I’ve been asked by Wavey Dave Howarth to participate in a 20 day music challenge about LPs that influenced my musical tastes enduringly.
One album per day for 20 days – Michael Bobby Bourke – if you can be bothered, go for it.
Day 4 – Jason & the Scorchers – Lost & Found
Dad LOVED country music. Why, I have no idea. A boy who was born at the start of World War II in Worcestshire, England, then came to Australia at 13 – it didn’t seem to make much sense. But he was into all that soppy proper American Heartland country stuff. I hated it. Maybe it was partly youthful rebellion – we’re DNA coded to dislike what our parents like, after all?
Then, when I was about 19, I heard Jason & the Scorchers. This was pure, red hot rock n’ roll, man – but it was country as well. It started to make sense to me. I never go a long time without listening to this album, or one of their other great albums, and slowly some of Dad’s country music started to make sense to me, starting with Johnny Cash, who I now love as well. JATS were like a country music gateway drug – but incendiary rock n’ roll as well!
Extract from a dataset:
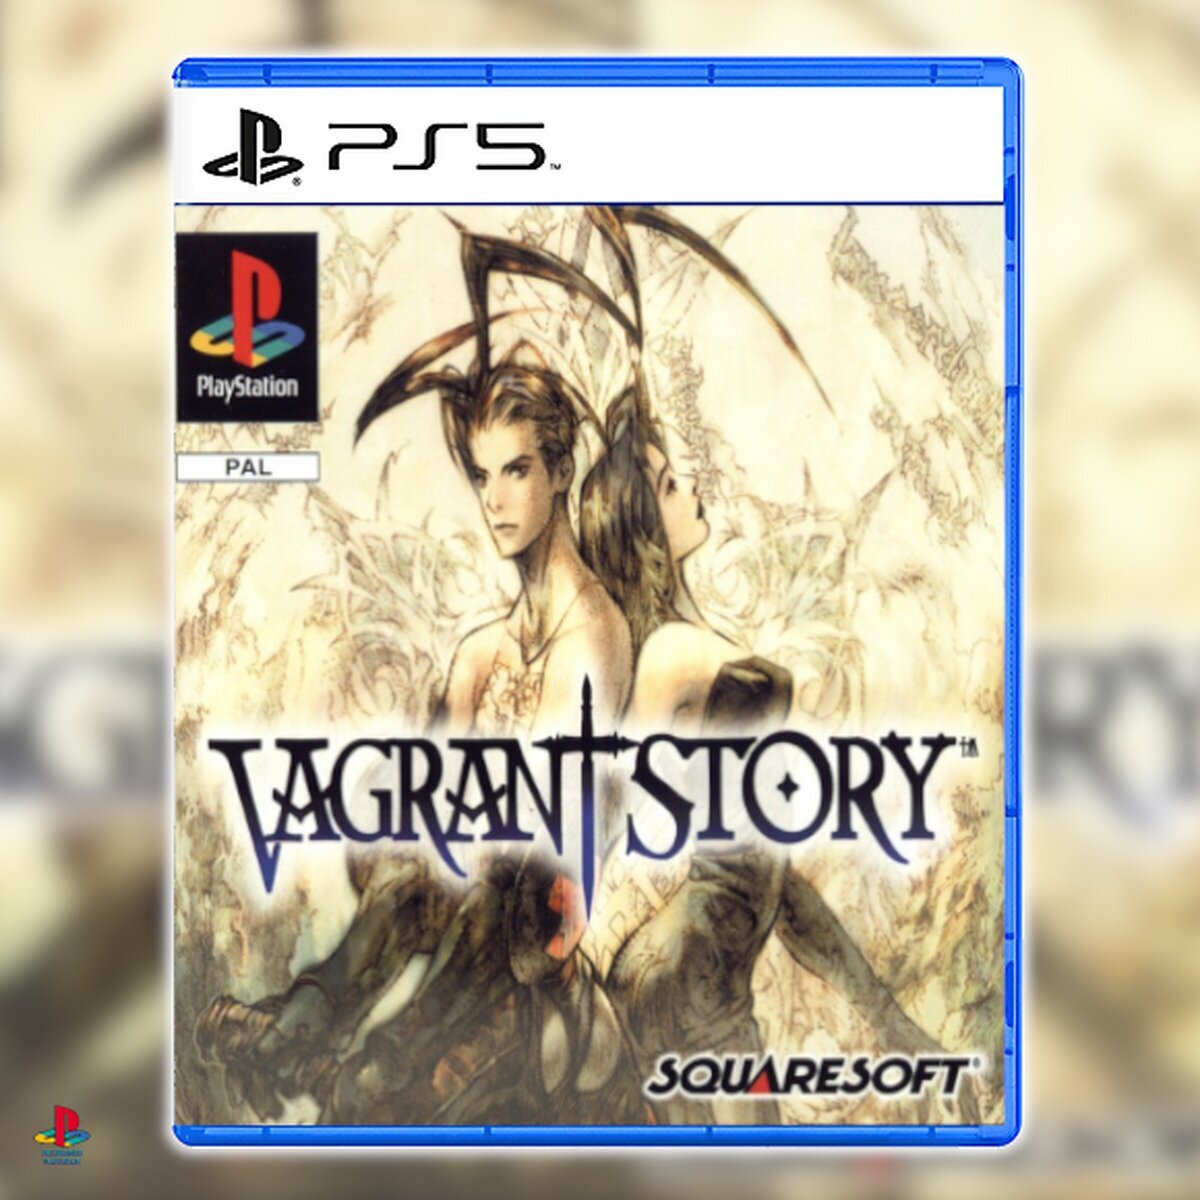 ¿Os gustaría volver a ver Vagrant Story en consolas actuales?

This album never lets up for a moment: Last Time Around, the irrepresible White Lies with its hilarious music video, the still-oh-so-relatable Money Talks (“If money talks, I wish it’d speak to me, ‘cos I need the conversation, it’s plain to see”), the moving Blanket Of Sorrow and Shop It Around (another great music video), Lost Highway, Broken Whiskey Glass – they showed me that rock n’ roll doesn’t need to be three chord heavy rock all the time, that you can incorporate different influences – even from my Dad’s old country and western records!!! – and still rock. Love this album, love this band.